Casi cinco horas y Alexia seguía acostada de espaldas en el pasto del parque, cobijándose de su propia compañía. Sus dedos contaban luciérnagas que se asomaron luego de la tormenta, luego de que los nubarrones se disiparan.
Michael, con las manos en los bolsillos de su pantalón, distinguió aquella figura candorosa. Aun lo negara, esa quietud imprevisible le agobiaba.
—Yinelva Minerva te busca.
—¿Ah? —Lo primero que identificó fueron esos botines negruzcos y avejentados. Cautelosa lo miró, y el verde contra el azul se presentó axiomático.
—Tu amiga, qué sé yo —replicó.
—¿Brenda? —figuró.
Michael se posicionó de cuclillas para estar más próximo de su rostro, y aquel lunar en su pómulo derecho lo halló seductor. Alexia frunció el ceño, pero rápidamente una sonrisa creció en sus labios; no apostó que fuese él quien se compareciera por ella.
—No sé —murmuró y se encogió de hombros.
¿La elipsis era porque de cualquier forma sus iones se repelían? ¿O era porque él estaba fumando?
—Por si tienes frío. —Extendió la chamarra y Alexia la aceptó, colocándosela como una manta.
—¿Por qué viniste? ¿Acaso te importo? ¿Acaso me quieres? —citó con ironía.
—Porque Minerva...
—Brenda.
—Okay... —masculló—. Brenda me jodió preocupadísima por ti —desgranó—. Y dejé claro que no te quiero; por ende, no me importas a mí, a otros sí.
—Bien —contestó simple.
Las palabras eran vaivenes. Ella no se ofendió, o si lo hizo, torturó con indiferencia.
—¿Puedo? —pidió permiso para acomodarse a su lado.
—Si quieres —condescendió con ese temple chocante que a él sublevaba.
—Quiero.
Inconmovible, Alexia reanudó lo suyo esta vez con las constelaciones perceptibles, pese a la contaminación, mientras que era examinada por quien envidiaba subrepticiamente su suntuosidad.
—Michael —llamó su atención—, yo fui como tú.
—¡¿Qué desplazó a Alexia la lógica?! —bufoneó.
—Cambié.
—No cambiamos, fenecemos.
—Mejoramos, recordamos y superamos —asintió.
—¿Entonces? —Enarcó una ceja.
—Las enfermedades del corazón son silenciosas; un día estás cenando tu puré de zanahorias y al siguiente estás en un funeral. —Rio con melancolía—. Quizá lo que me molesta es no haberme despedido, aunque ya me perdoné por haberme enfadado con él por eso; por irse.

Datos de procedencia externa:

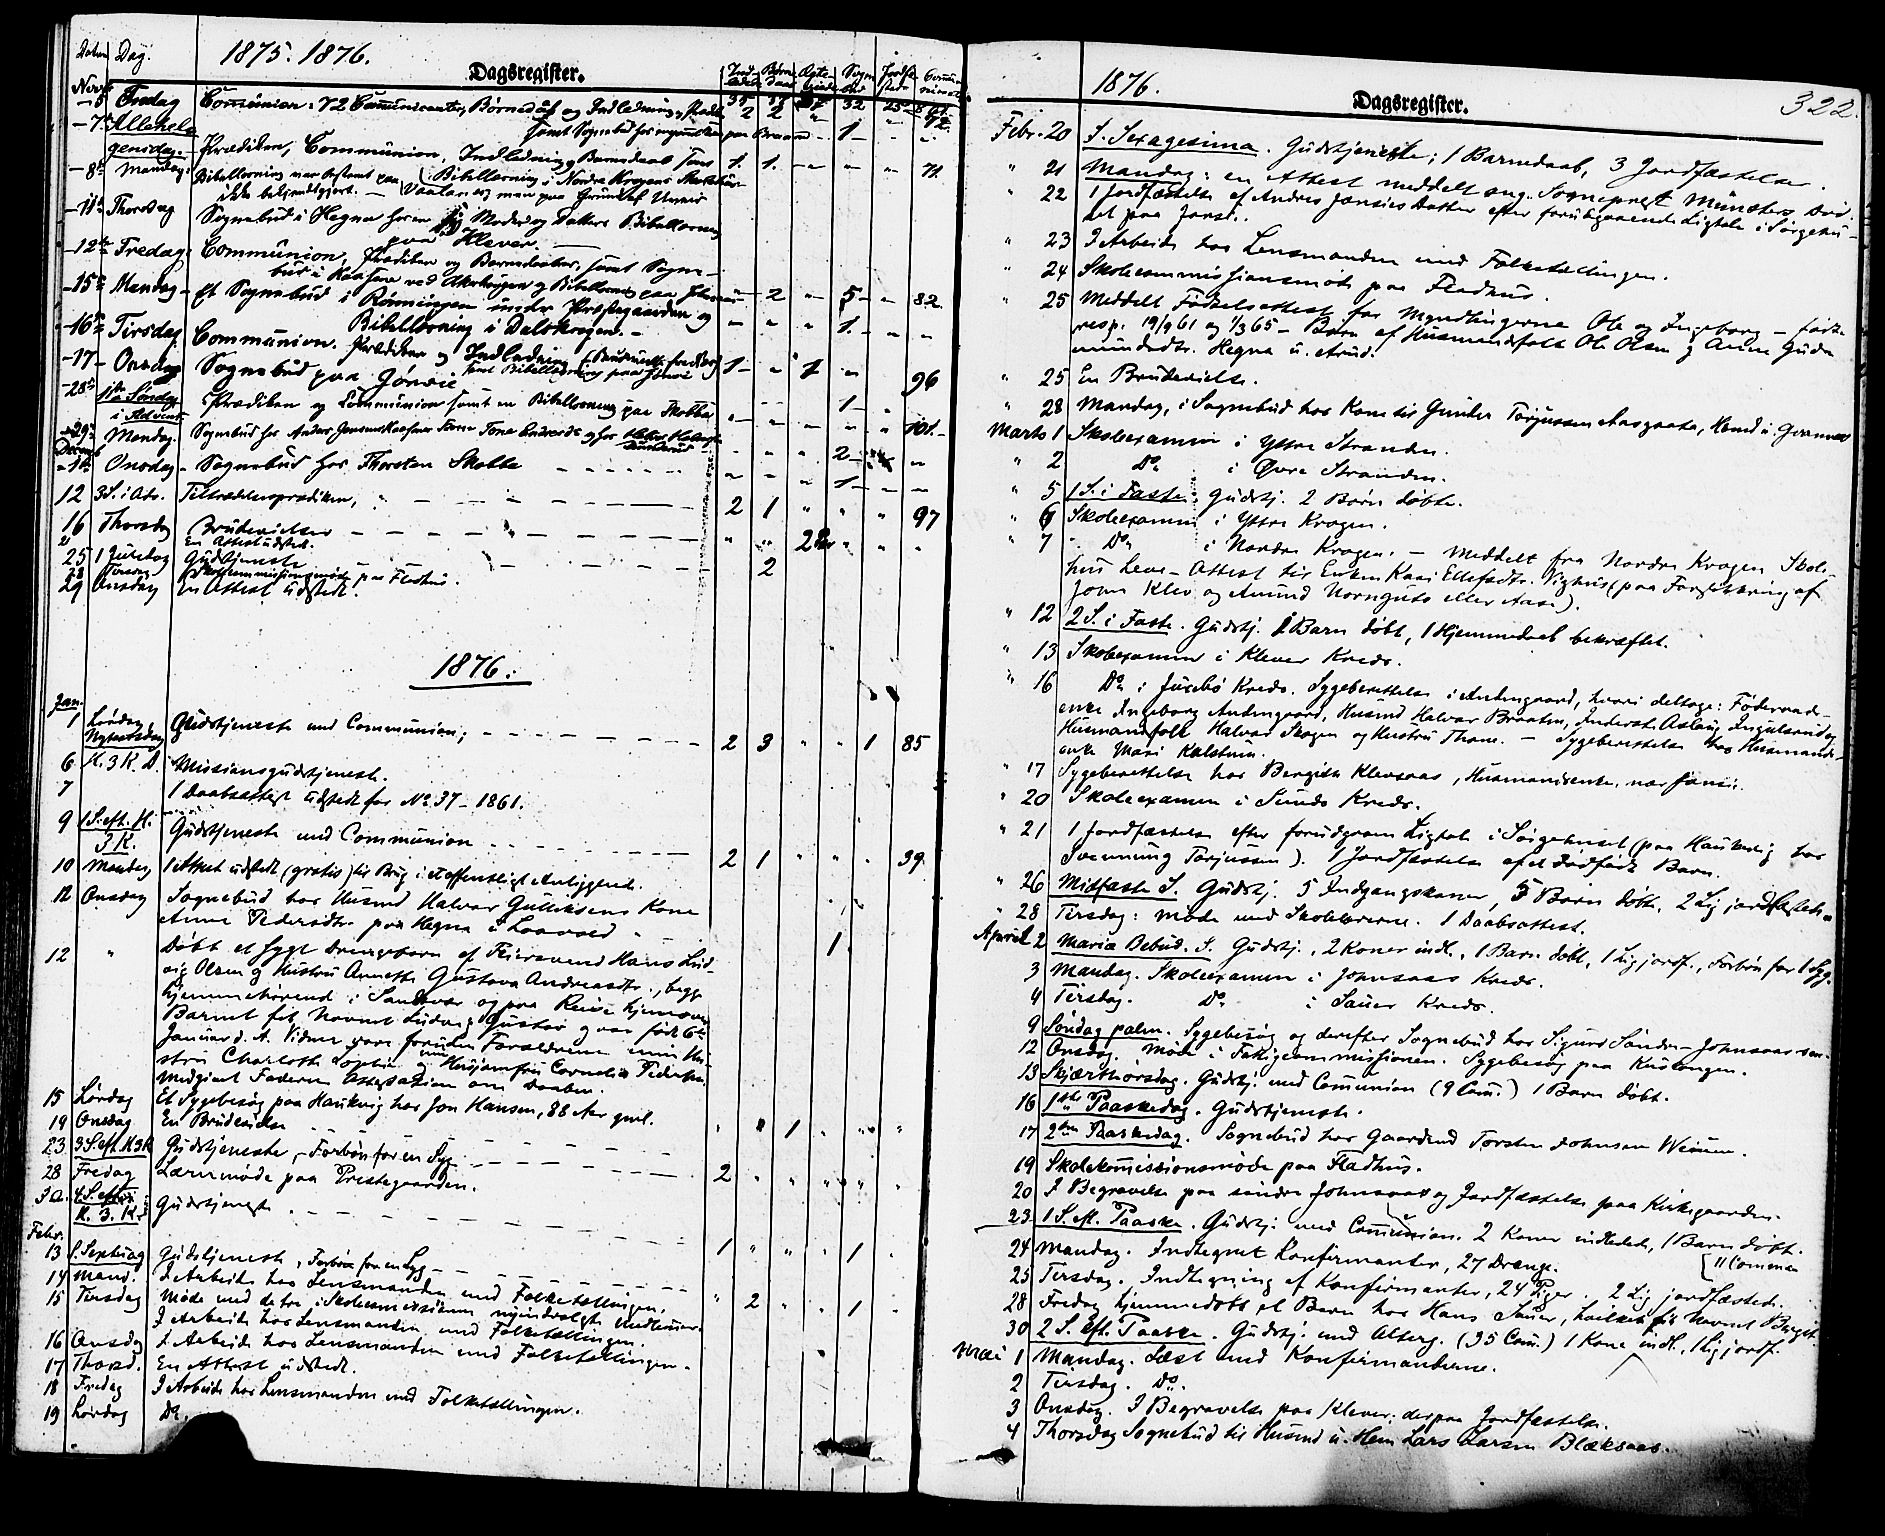 SAKO, Sauherad kirkebøker, F/Fa/L0008: Ministerialbok nr. I 8, 1873-1886, s. 322

¿Todavía estoy enfadado con Lucas?
¿Me perdoné por no estar con él?
—Nacemos para morir.
—No sentimos nuestra muerte, nuestros amigos y familiares sí.
—Lo sé.
—Mi abuelo falleció internado en estas fechas —pausó—, y sobre Lucas Peacocke..., él no es mi familiar, aunque estaba ahí…
Michael empalideció.
—Él… siempre estaba ahí, con la puerta semiabierta, enajenado y sonriendo, eventualmente esperando a alguien… «Sonríele. No nos gusta la lástima» —evocó—. ¿Por qué sonreía? ¿Dónde estará ahora? Dejé de visitarlo después de… de su diagnóstico... —El celeste era lánguido cuando enclavó en Michael.